◆ Exercise material ◆
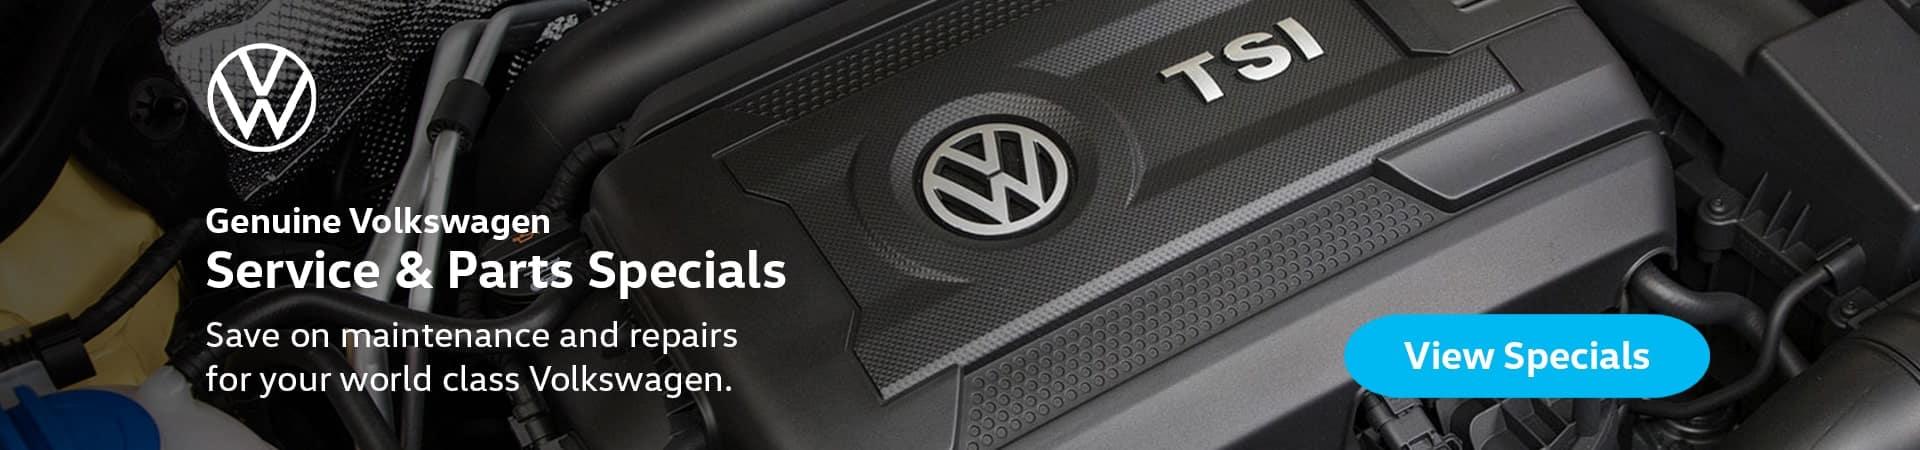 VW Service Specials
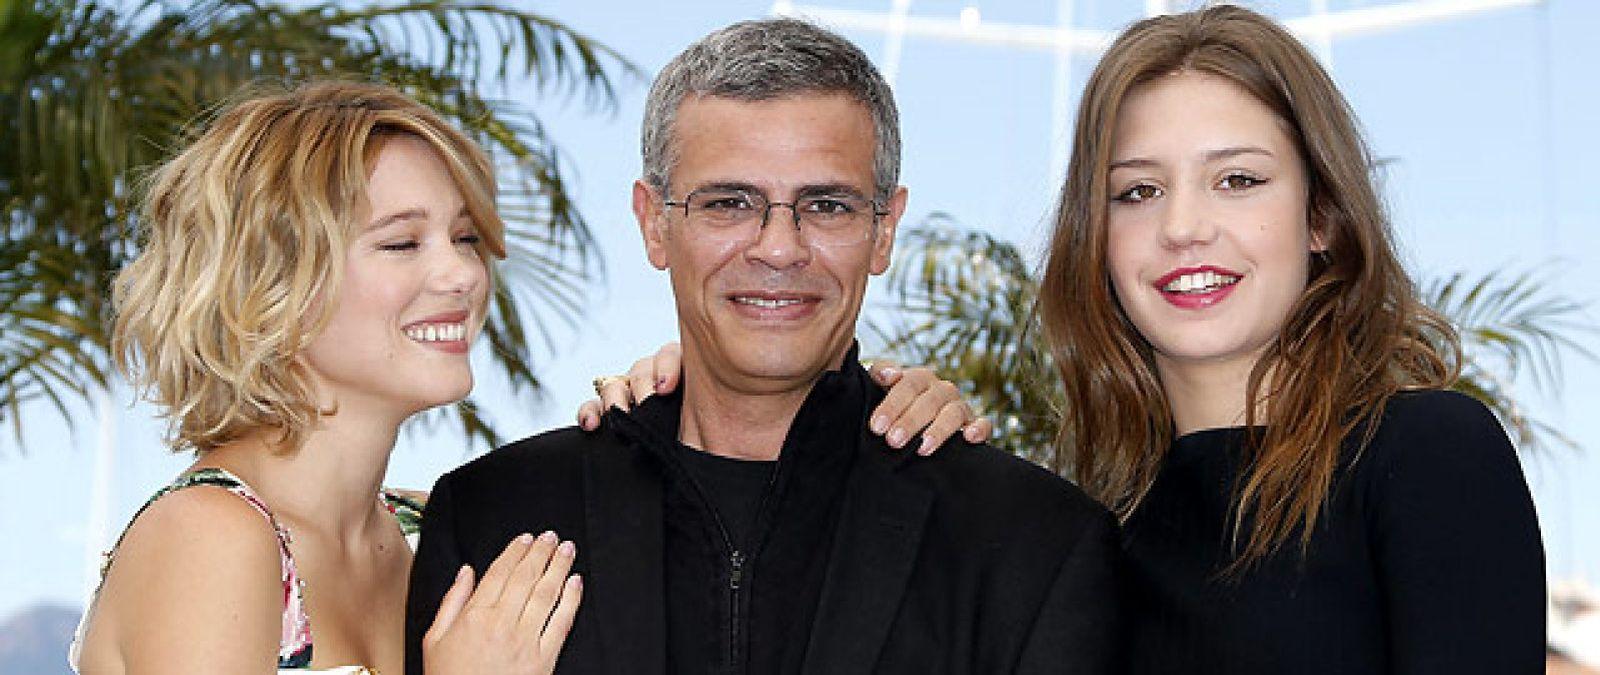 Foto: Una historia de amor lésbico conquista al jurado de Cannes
---
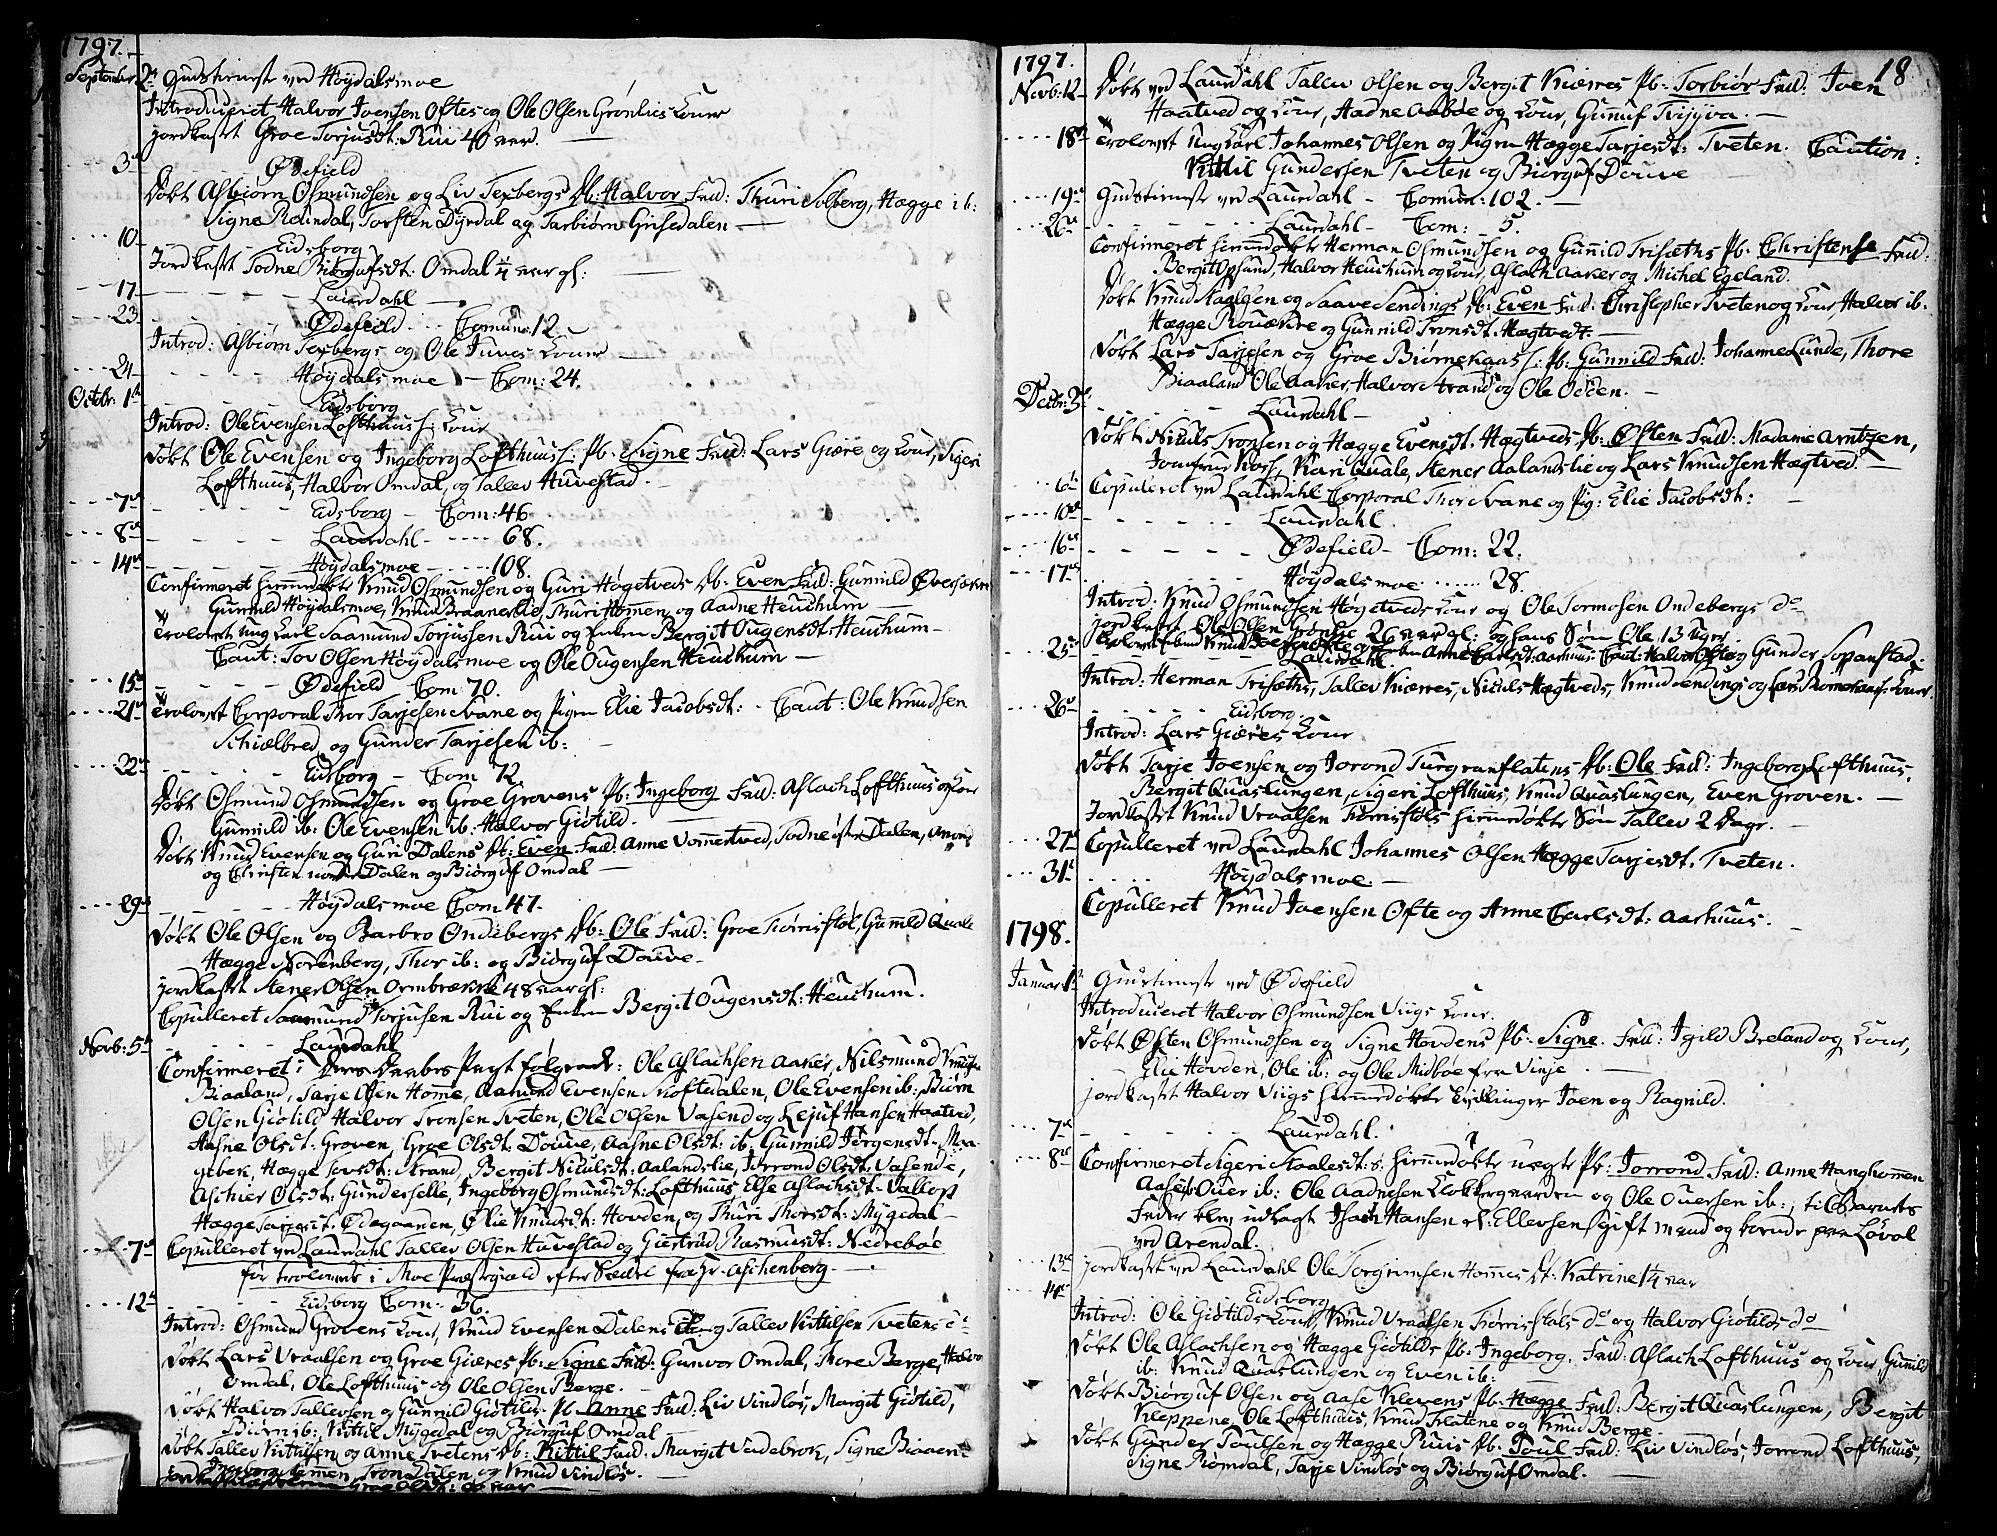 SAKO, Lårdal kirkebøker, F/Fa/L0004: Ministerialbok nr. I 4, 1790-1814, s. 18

◆ Assignment ◆
The answer is the lines of the material above, from the one containing "VW Service Specials" down to the one containing "Foto: Una historia", given exactly and without images.

◆ Result ◆
 VW Service Specials
 Foto: Una historia de amor lésbico conquista al jurado de Cannes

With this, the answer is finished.